Data excerpt ->
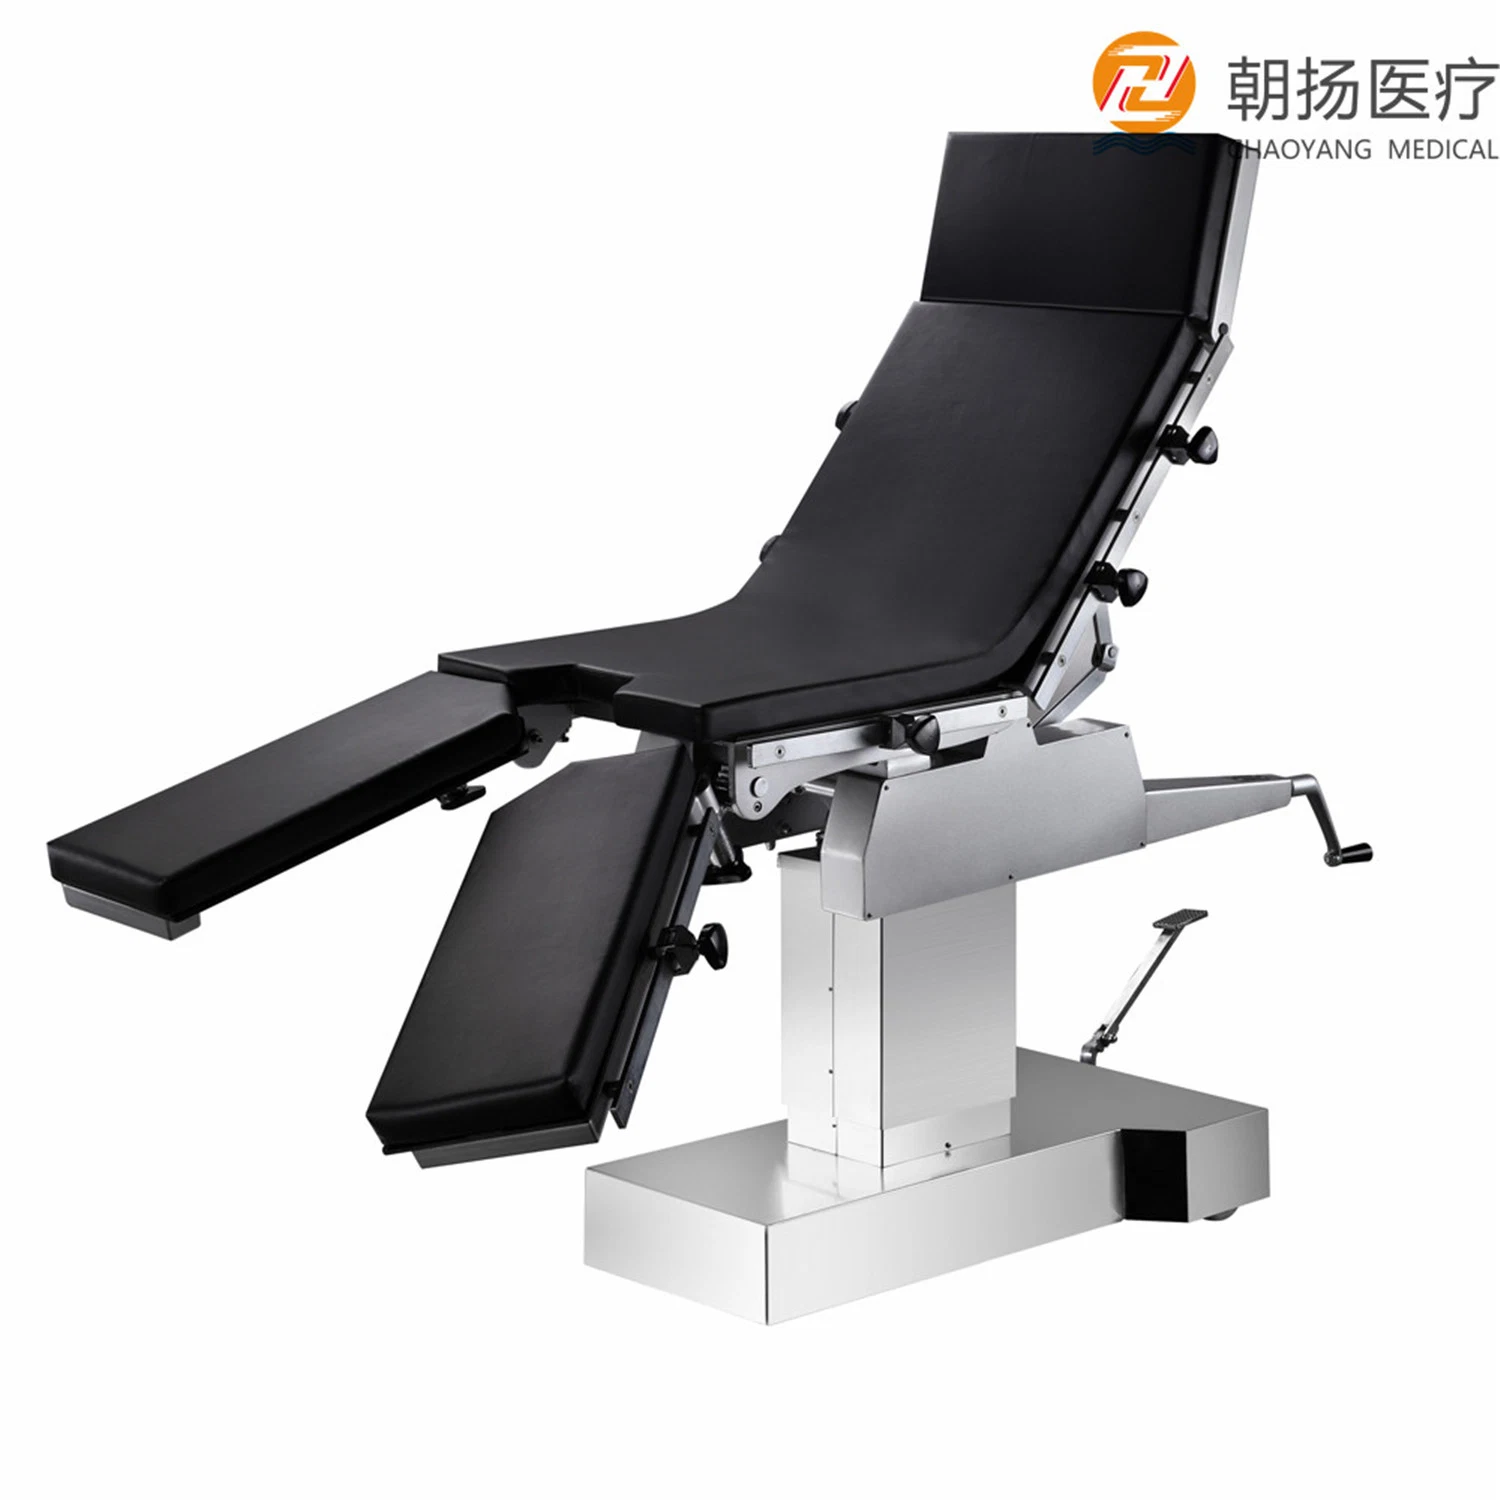 Hospital Medical Equipment Mechanically Medical Surgical Table Orthopaedic Operation Table
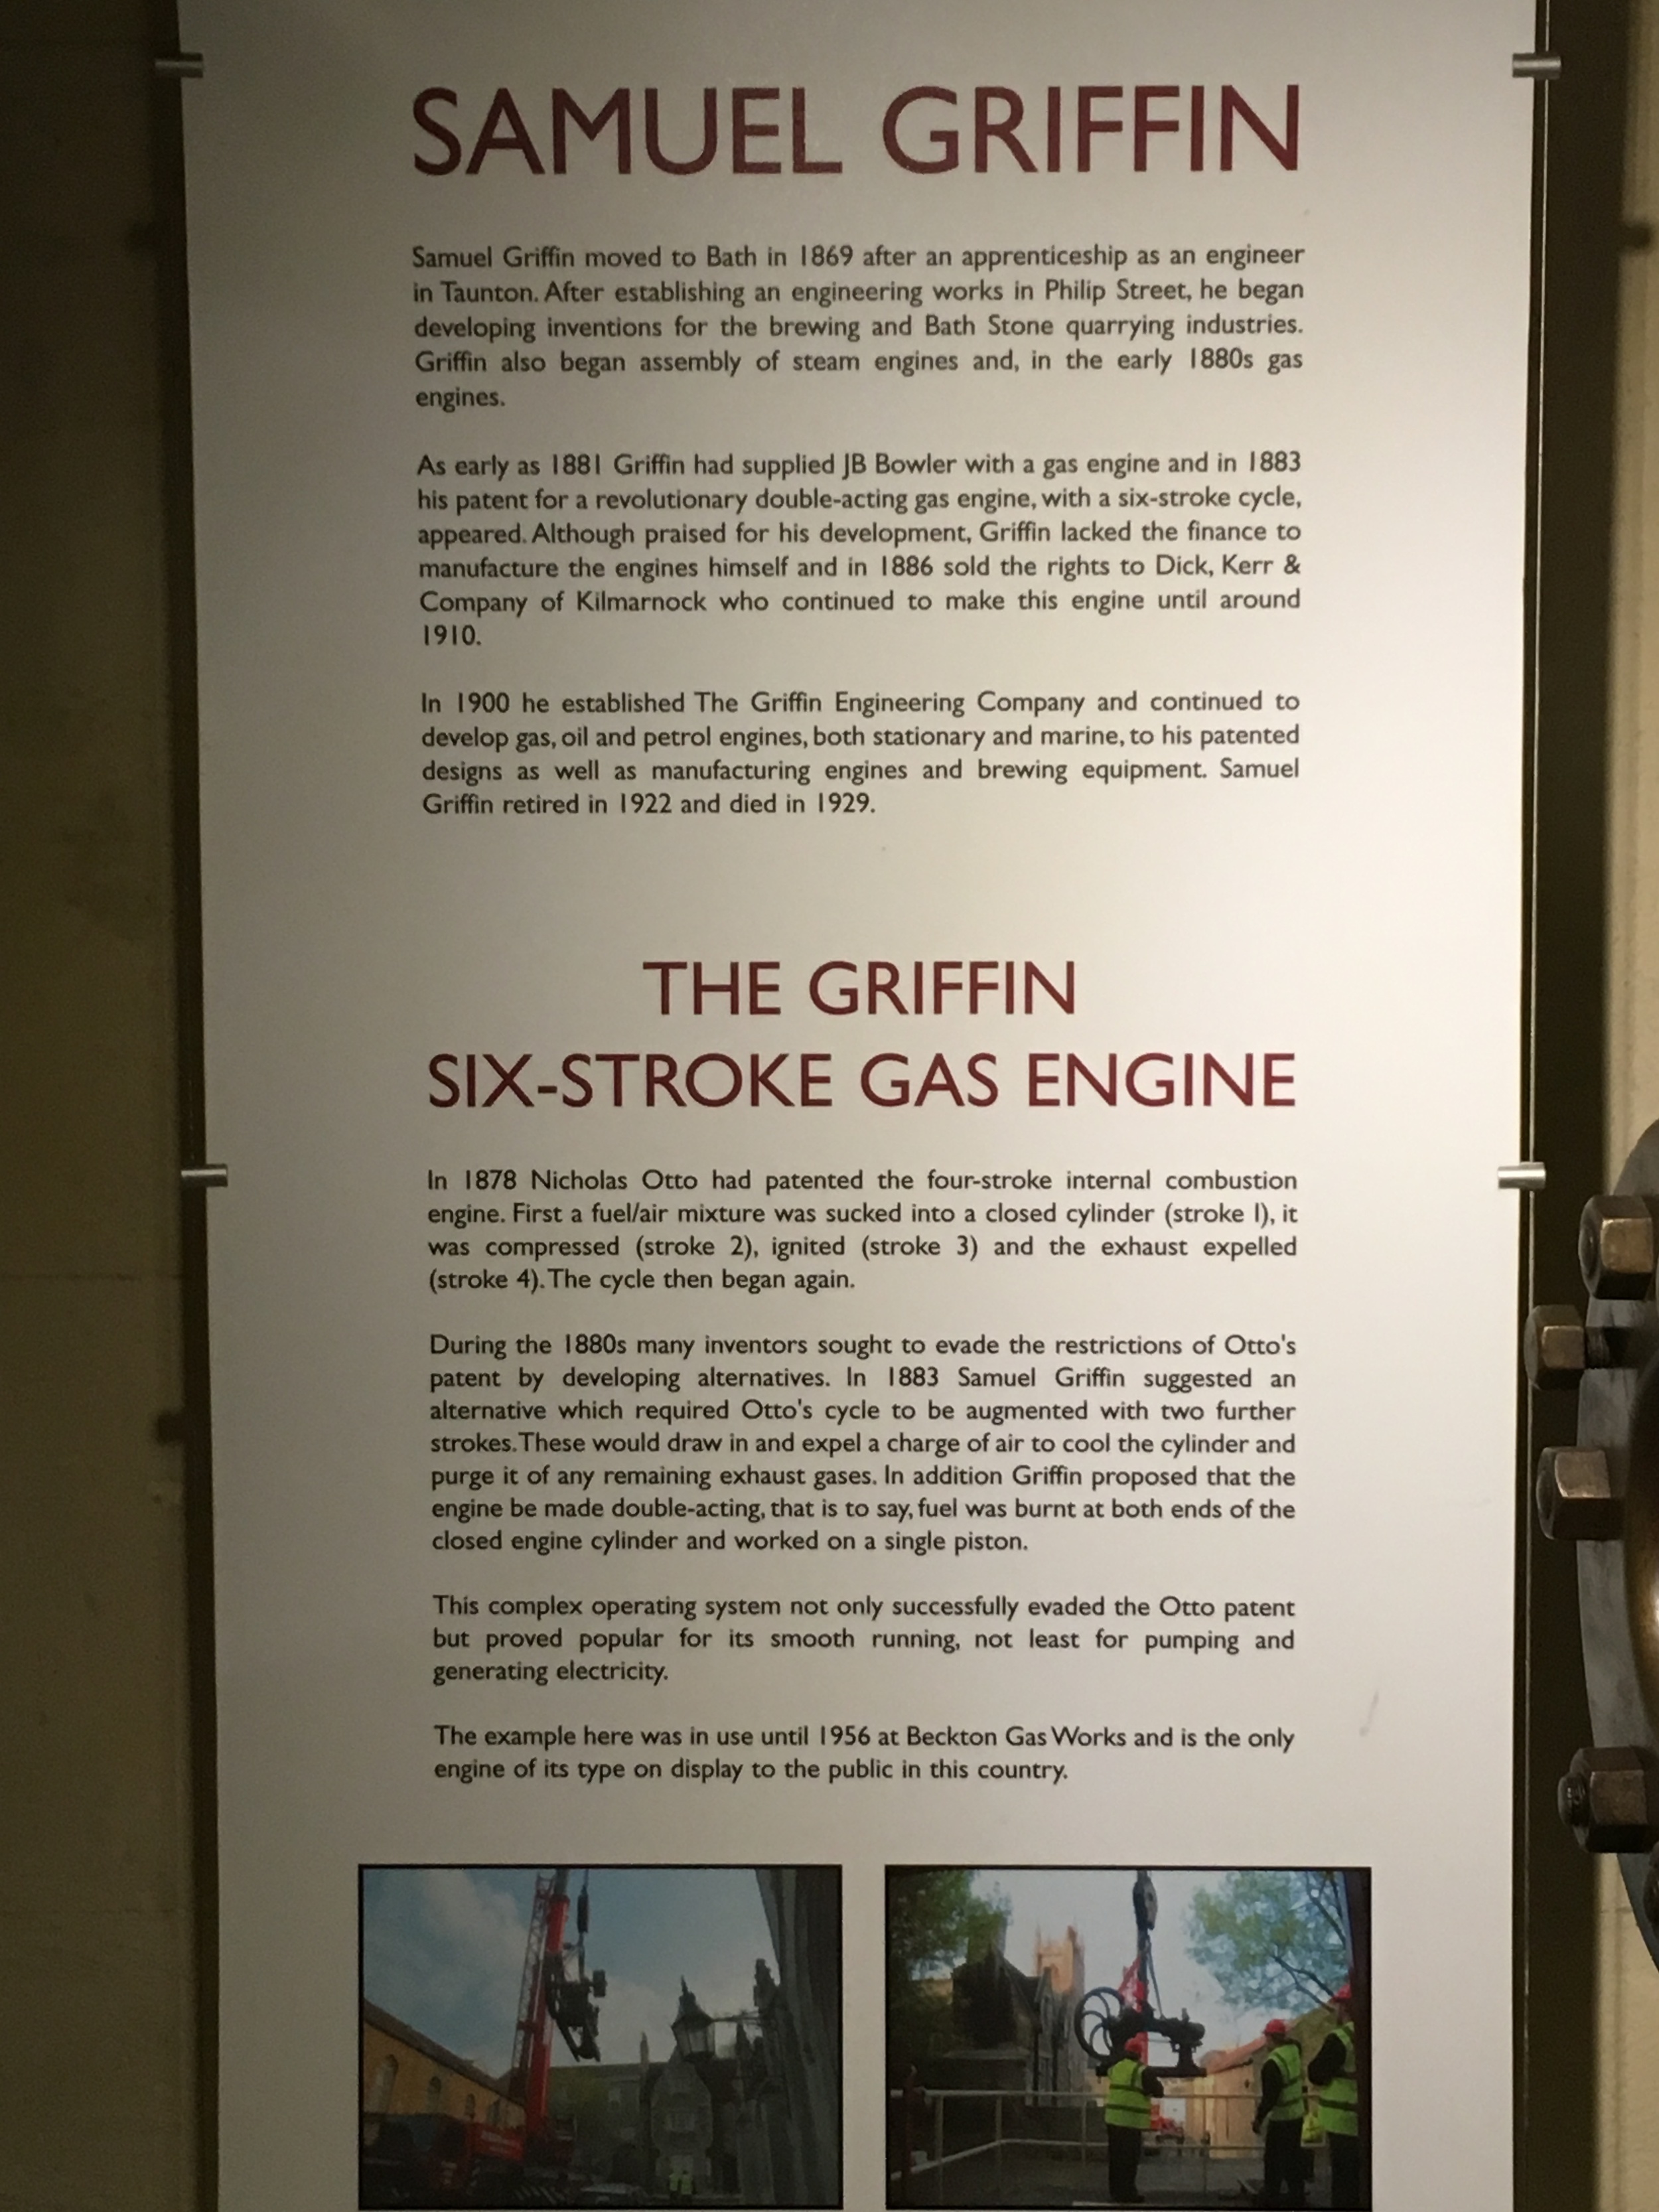  Details on the invention and use of the Griffin Engine. 
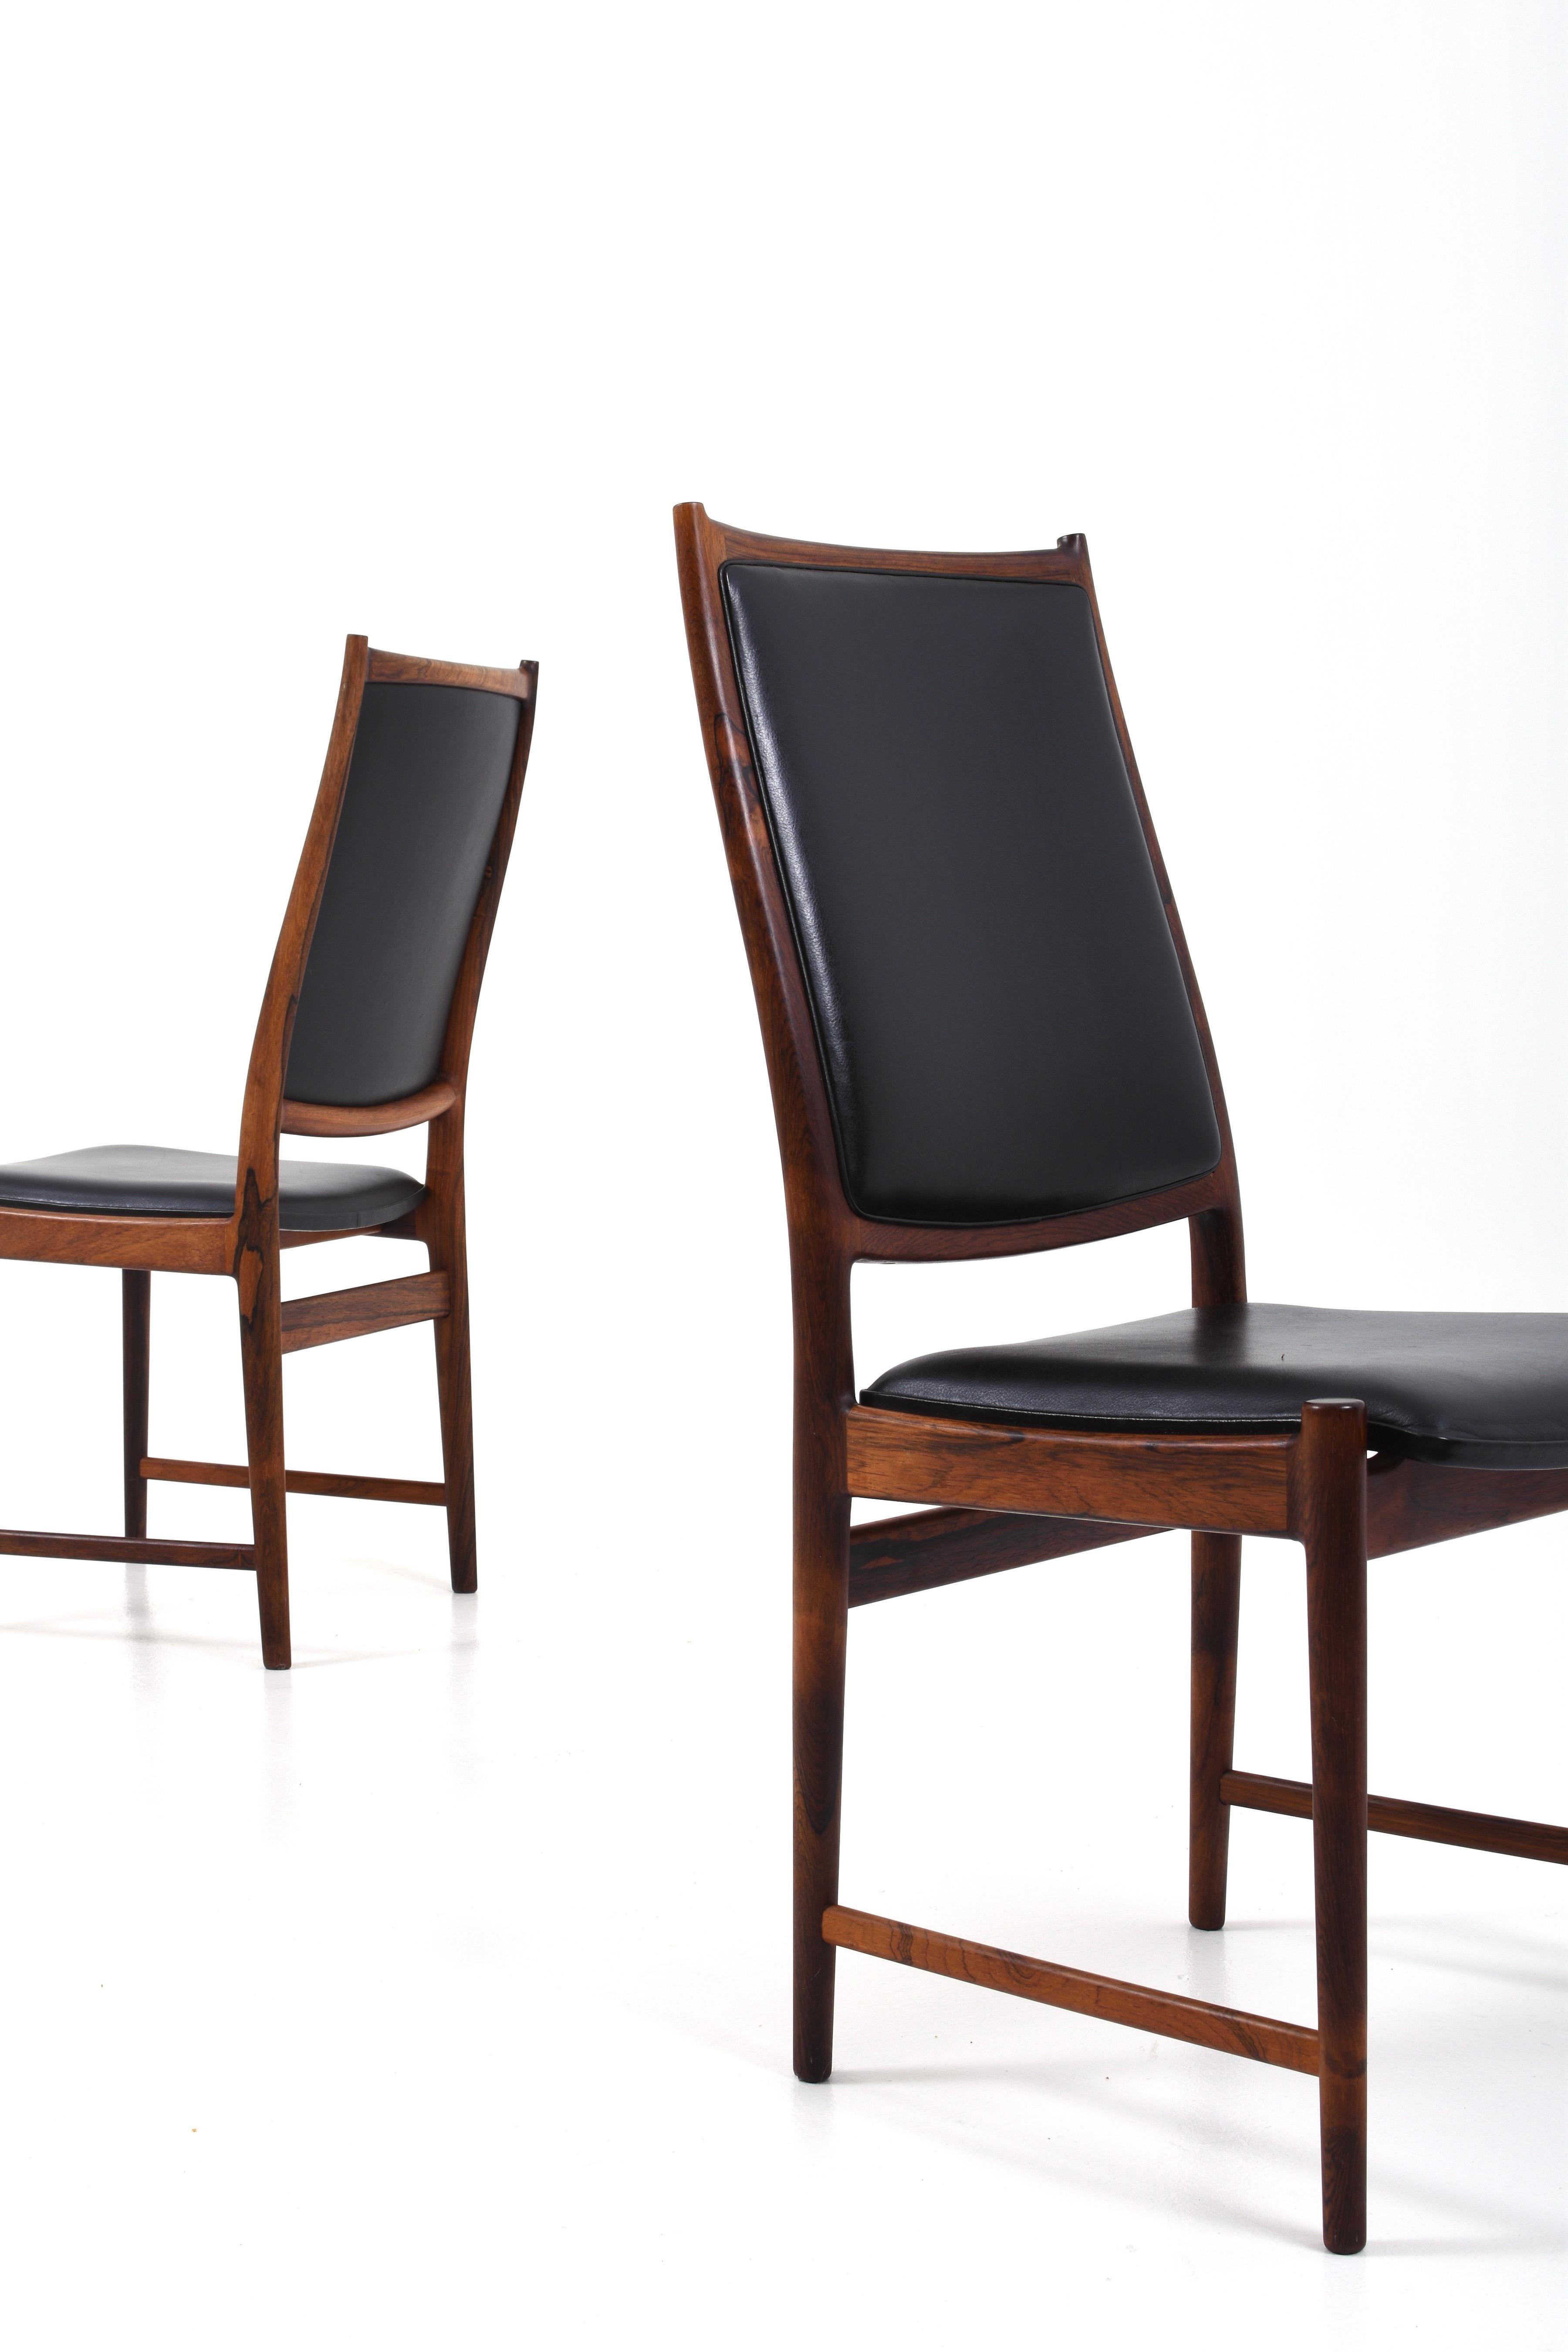 Six absolutely fantastic dining chairs by Norwegian Torbjørn Afdal for Nesjestranda møbelfabrikk.

The chairs are made of rosewood and covered with black leather. Very nice condition!

Instructions for the task -> Reproduce the data above without a single change, please, but without its pictures.

Written solution ->
 Hospital Medical Equipment Mechanically Medical Surgical Table Orthopaedic Operation Table
  Details on the invention and use of the Griffin Engine. 
 Six absolutely fantastic dining chairs by Norwegian Torbjørn Afdal for Nesjestranda møbelfabrikk.

The chairs are made of rosewood and covered with black leather. Very nice condition!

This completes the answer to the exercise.